Старики, сидевшие вокруг, одобрительно кивали. Парня, который продолжал злобствовать, господин де Лионн в шутку вызвал на кулачный бой и заранее начал наносить удары в пространство, что представляло неотразимое зрелище, веселое, юное, вполне благонравное. Теперь смеялись все; господин де Лионн воспользовался успехом, чтобы попросту обнять молодого крестьянина, тот не противился. Общественное мнение требовало, чтобы он также ответил объятием, которое заставило себя ждать только вследствие его медлительности.
Генрих сказал своему обер-шталмейстеру:
— Блеклый Лист, и все-таки ты мне милей. Это первый вполне безупречный человек, которого я вижу.
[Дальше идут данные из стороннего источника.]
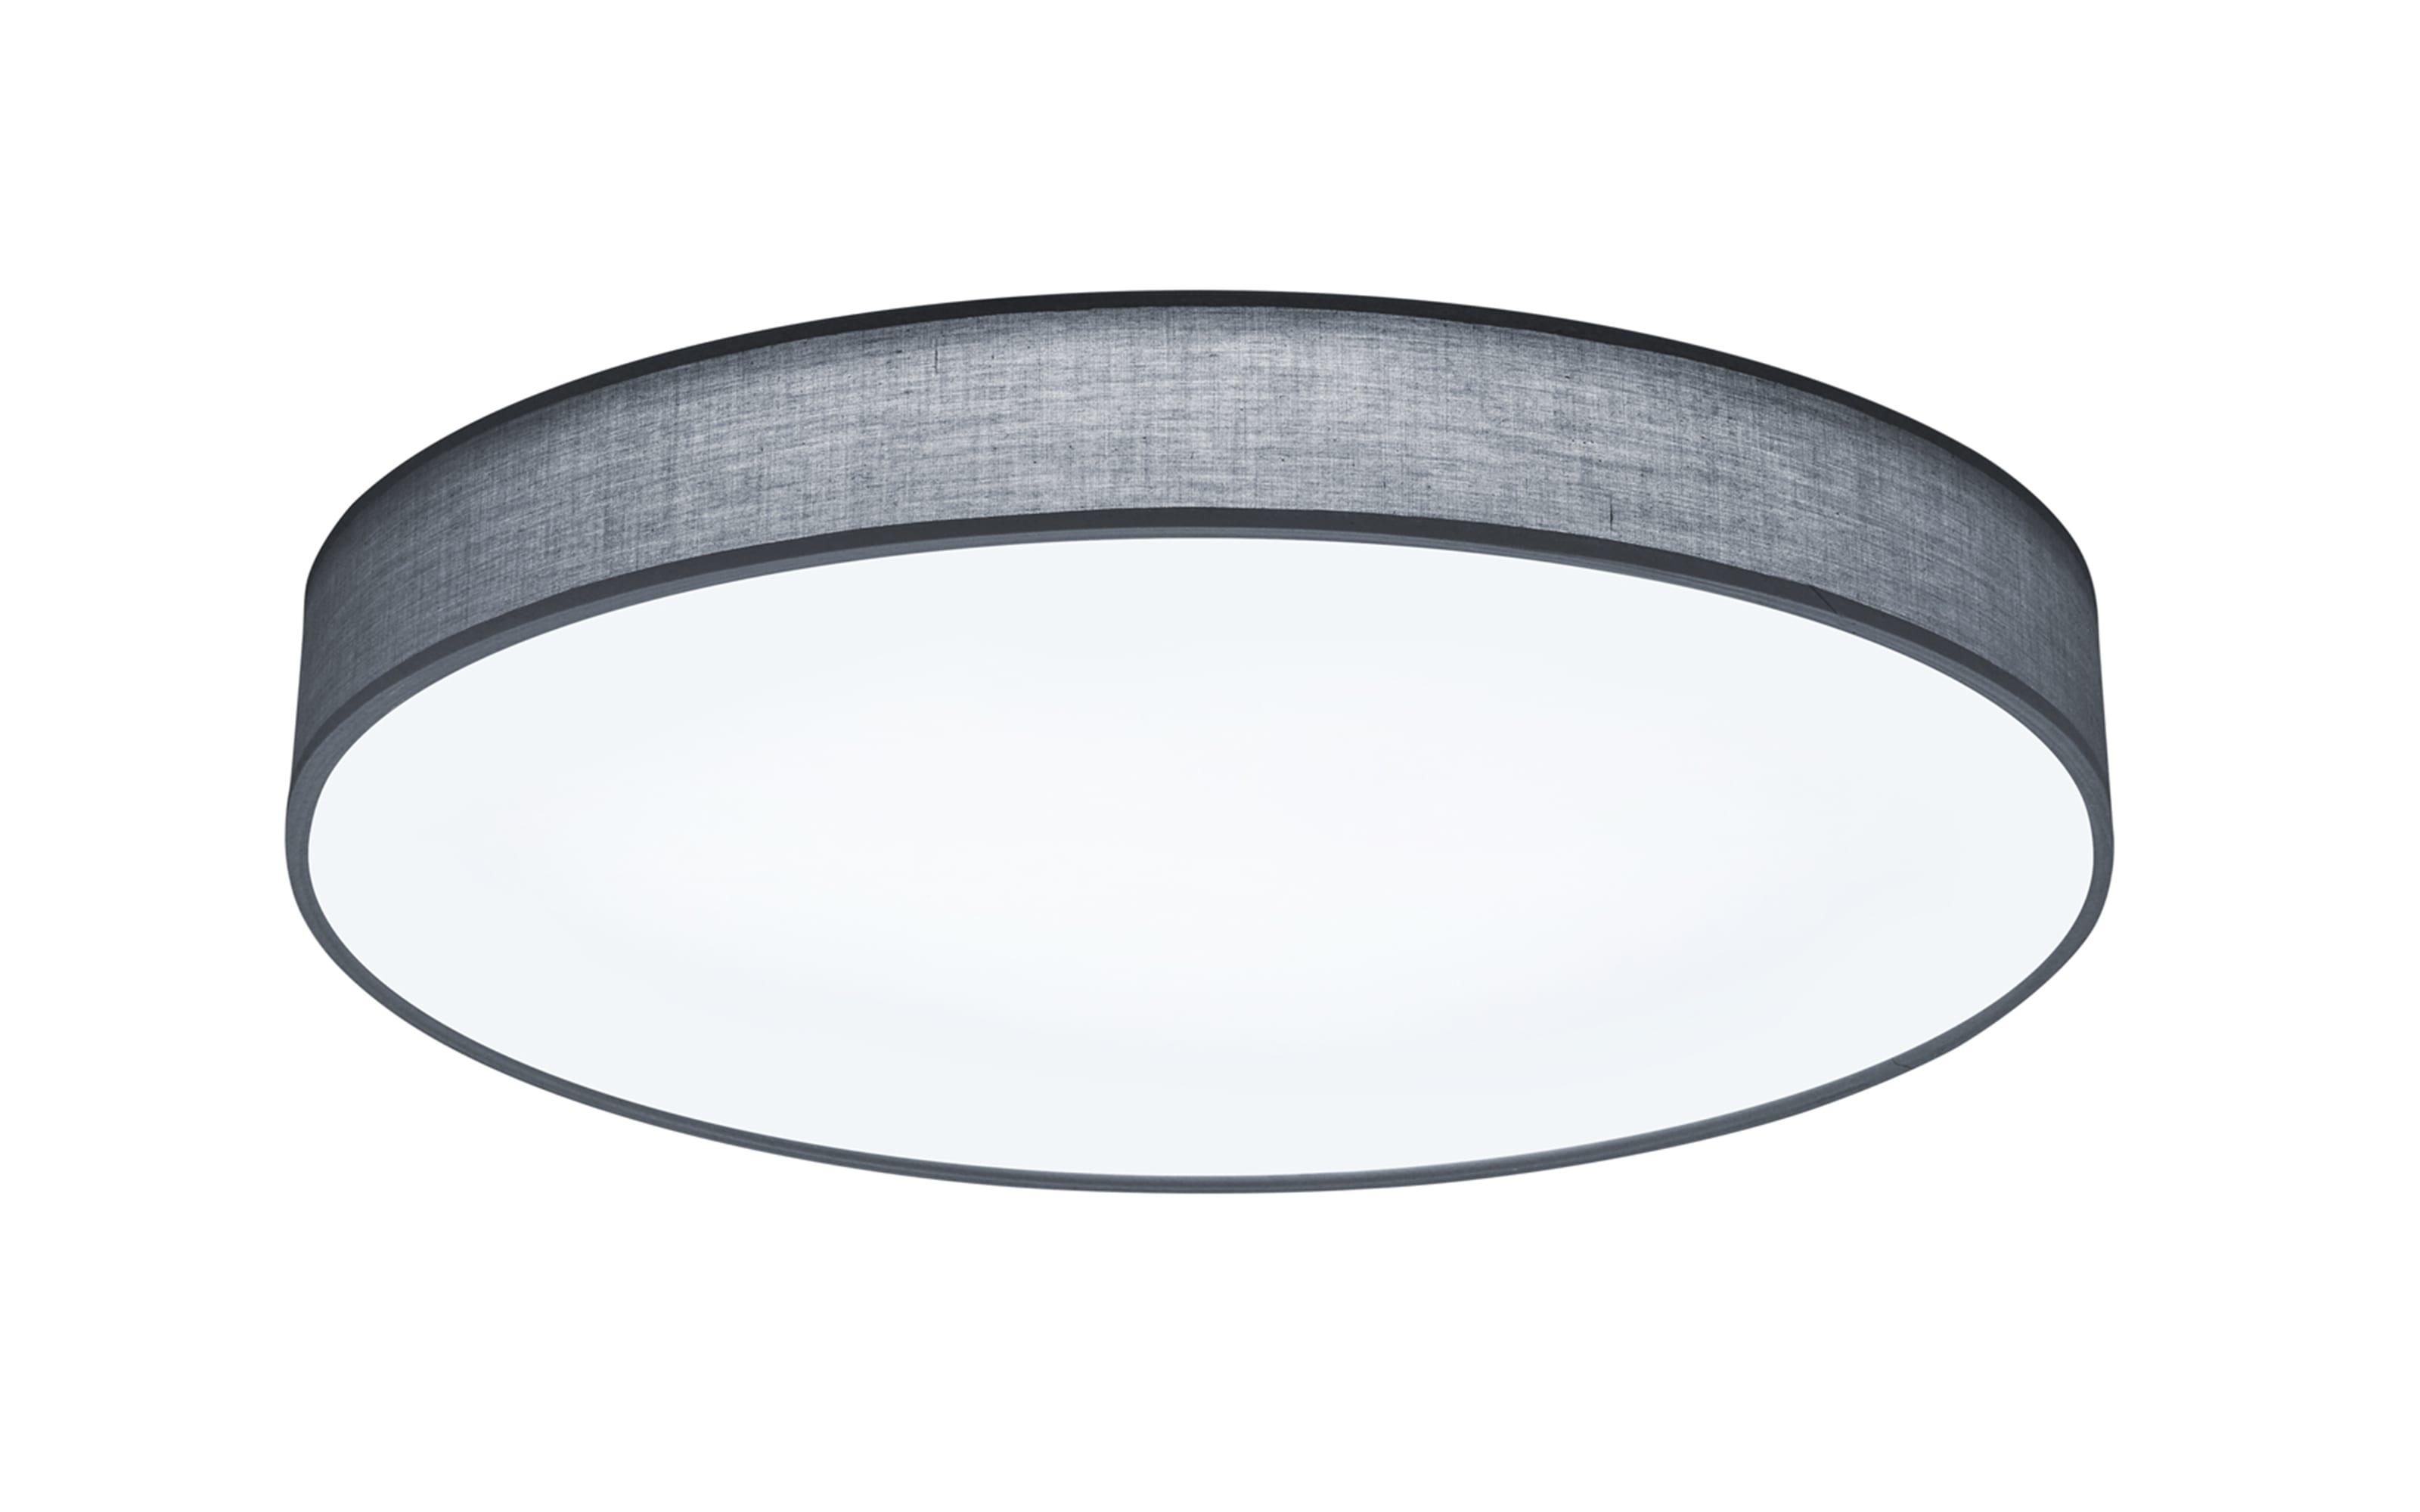 LED-Deckenleuchte Lugano in grau

И когда я его вижу, мне делается страшно.
Один крестьянин, уже в летах, вытащил из-под скамьи одеревеневшие ноги. Он встал, чтобы рассмотреть короля. У него у самого были сутулые плечи, узловатые руки, висевшие, как плети, и скорбное лицо шестидесятилетнего человека, который никогда по-настоящему не радовался жизни. Король спросил крестьянина:
— Сколько тебе лет?
— Государь, — ответил крестьянин. — Я тоже спросил у одного из ваших людей, сколько вам лет, годами мы равны.
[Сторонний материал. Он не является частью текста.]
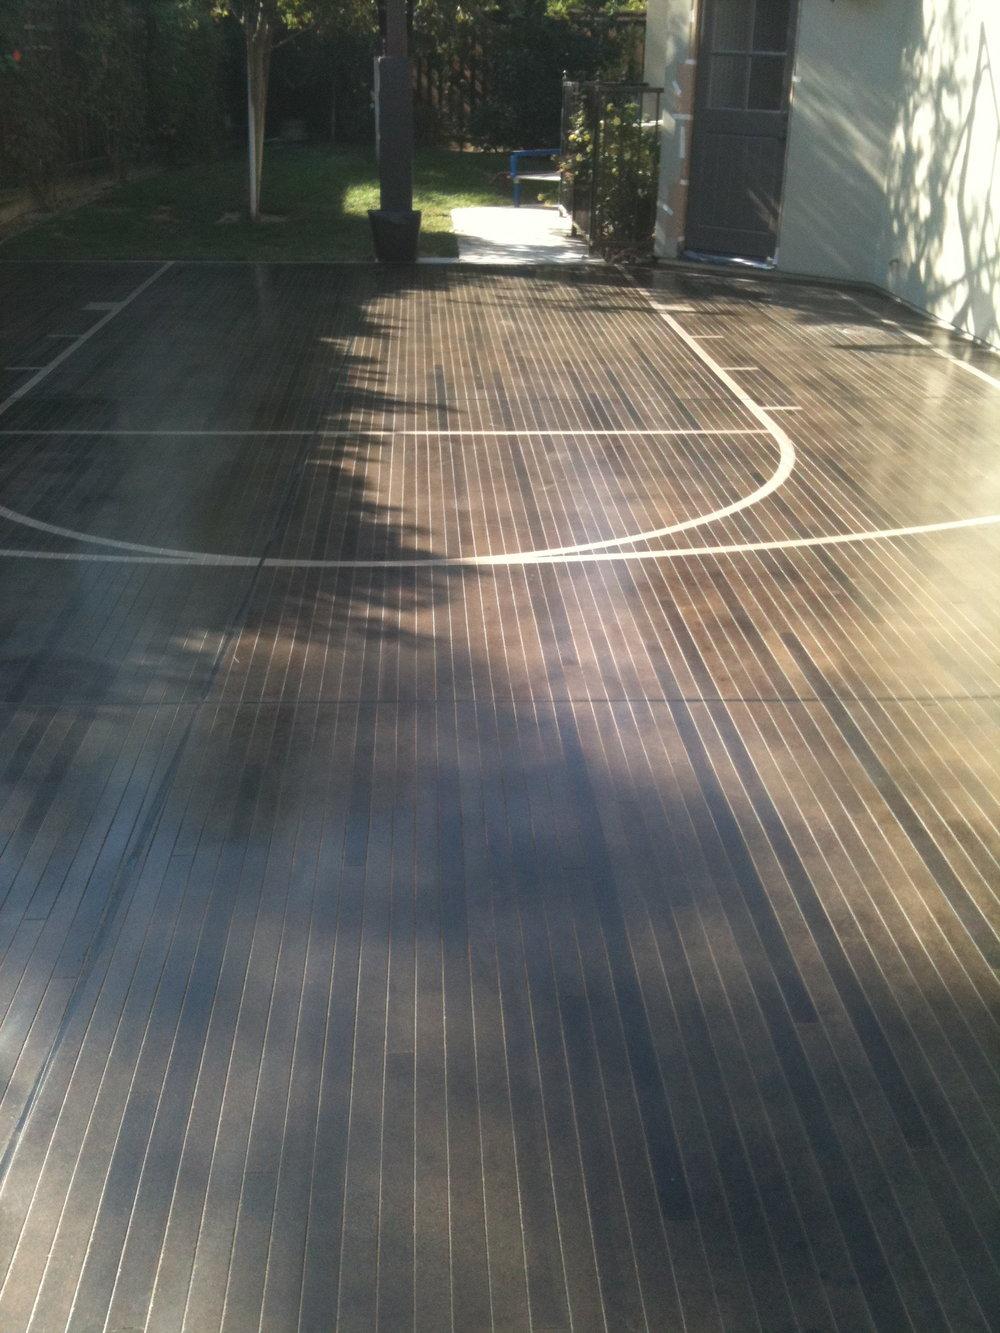 Outdoor Basketball court#2.JPG

— И еще в другом мы равны, — сказал король. — Жизнь одинаково не пощадила нас. На наших лицах, на твоем и моем, много написано забот и трудов.
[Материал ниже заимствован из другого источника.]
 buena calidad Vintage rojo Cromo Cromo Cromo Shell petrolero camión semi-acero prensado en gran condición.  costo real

Крестьянин помолчал, прищурившись, потом сказал:
— Это верно.
Он подумал, хотел заговорить, но медлил. Король не торопил его. Глаза у него были широко раскрыты, брови подняты, он ждал.
— Сир! Пойдемте, — предложил крестьянин. — Идти недалеко, только до ручья.
Господину де Бельгарду, который хотел следовать за ними, король жестом приказал остаться; сам он двинулся вперед. Крестьянин подвел его к берегу, здесь вода была гладкая, как зеркало. Король наклонил над ней лицо, оно так и пылало, он охотно погрузил бы его в воду. Между тем оно начало пухнуть, в отражении казалось, что оно распухает на глазах, хотя он понимал, что это обман, что на самом деле болезнь давно исподволь подкрадывалась к нему. У крестьянина был теперь глубокий, проникновенный взгляд. Он заговорил:
— Сир! Скачите немедленно в свой королевский дворец. Ибо вам суждено либо умереть, либо выжить, как будет угодно Господу.
— Для меня и для тебя будет лучше, если я выживу, — сказал Генрих и попытался засмеяться. Лицо не повиновалось ему; из всех впечатлений дня это было самое досадное. В ту же минуту он услышал храп, храп сытого брюха, и это тоже вызвало в нем досаду.